Watch this highlight spool of Pearl at Syracuse and look the respect he commands as a ball-handler, as a passer, and as a threat to drive. (Dig, too, the Big Daddy Kane it’s set to.) Dude’s drawing double-teams at halfcourt, slicing by them, and picking out the open man with ease. If he pulls up for a jump shot, it’s one he staked out by finding a peculiar seam in the defense. It’s a gift, to be covered so relentlessly and to look all the while as if no one’s actually on you.

The key to Pearl’s crossover dribble that infatuated the likes of 6-foot-nada Tim Hardaway was getting low, to take advantage of the seeming size disadvantage that relegates most guys his size to play trombone instead of point guard. “I saw Pearl Washington one day, and I was like, ‘Wow, I want to do that move,’” Hardaway explains in this (rather rad) oral history of the crossover dribble.

History may have caught Pearl at the wrong time. He was a small-ball miracle-worker who slipped between the cracks in the shooting revolution. The NCAA didn’t fully adopt the three-point line until 1987, the year after Pearl made his NBA debut. Or maybe the long-range game was never going to be his jam, anyhow. You can hear, just after Hardaway’s testimony, Pearl himself tell of his pride watching that move handed down to Hardaway. “People see that move, and they use it in their arsenal in their game,” he says. “Allen Iverson was great at it.

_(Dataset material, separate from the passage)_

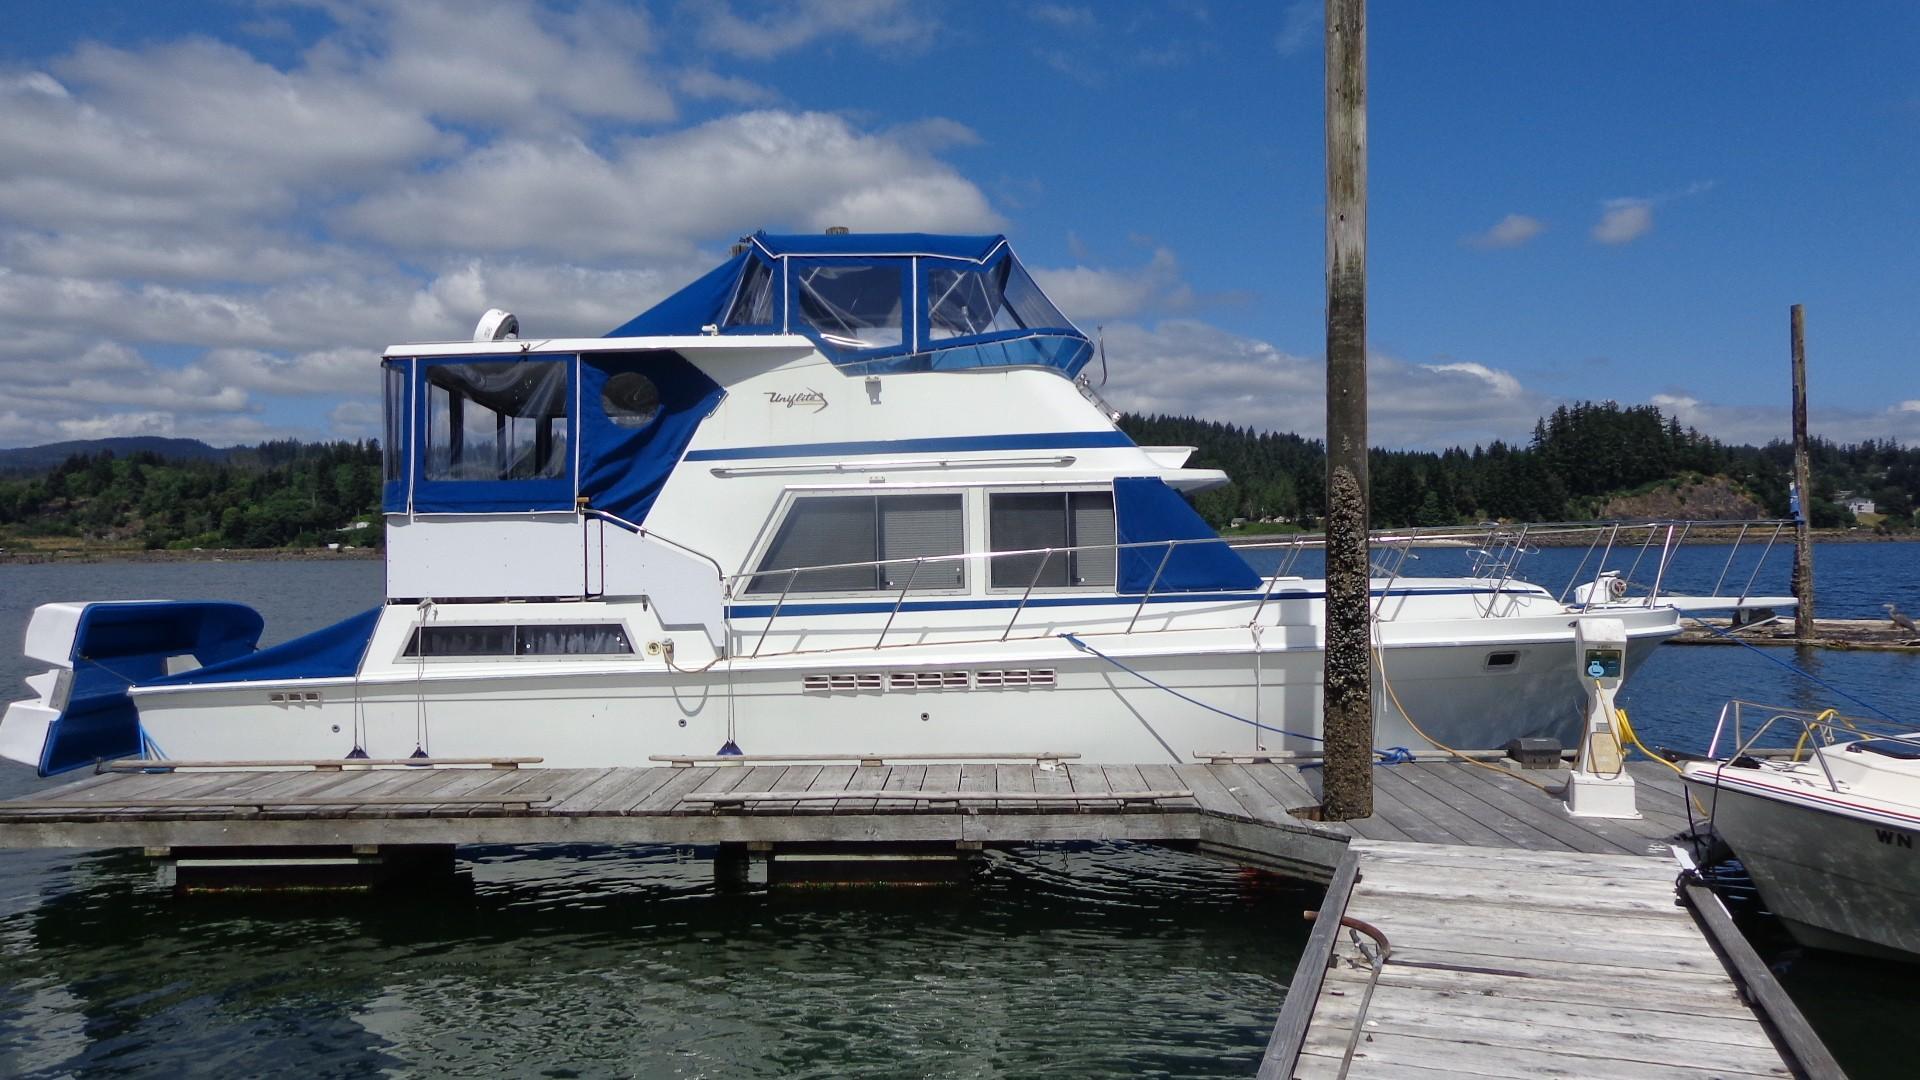 1981 Uniflite Live aboard ready Power Boat For Sale - www ...

Hardaway was great at it, too.”

When he talks about Dwyane Wade, you hear him take the full scope into account. Wade has the handles to cross a defender over, and he can hit an outside jumper. And whereas Pearl earned the nickname “Fat Butt” in college for his ground-bound game, Wade, a couple of inches taller than Pearl, is a human/trampoline hybrid who even in his senescence remains a threat to cross over a point guard, outrace a small forward, and commit felony premeditated dunking over your center. “I mean, that’s just unbelievable,” Pearl says of Wade, and you wonder whether he imagined what he could’ve accomplished in that kind of physique, with that sort of athleticism. Then again, the joy of a player like Pearl, who didn’t have those same physical gifts, is that he had to improvise, to innovate. I would’ve loved to see Pearl play in his day. But I did get to see Hardaway, then Iverson, then Wade — none of whom shot even 36 percent on career threes, by the way — and I feel I’ve witnessed the rest of the evolution, the promised culmination, of Fat Butt hooping.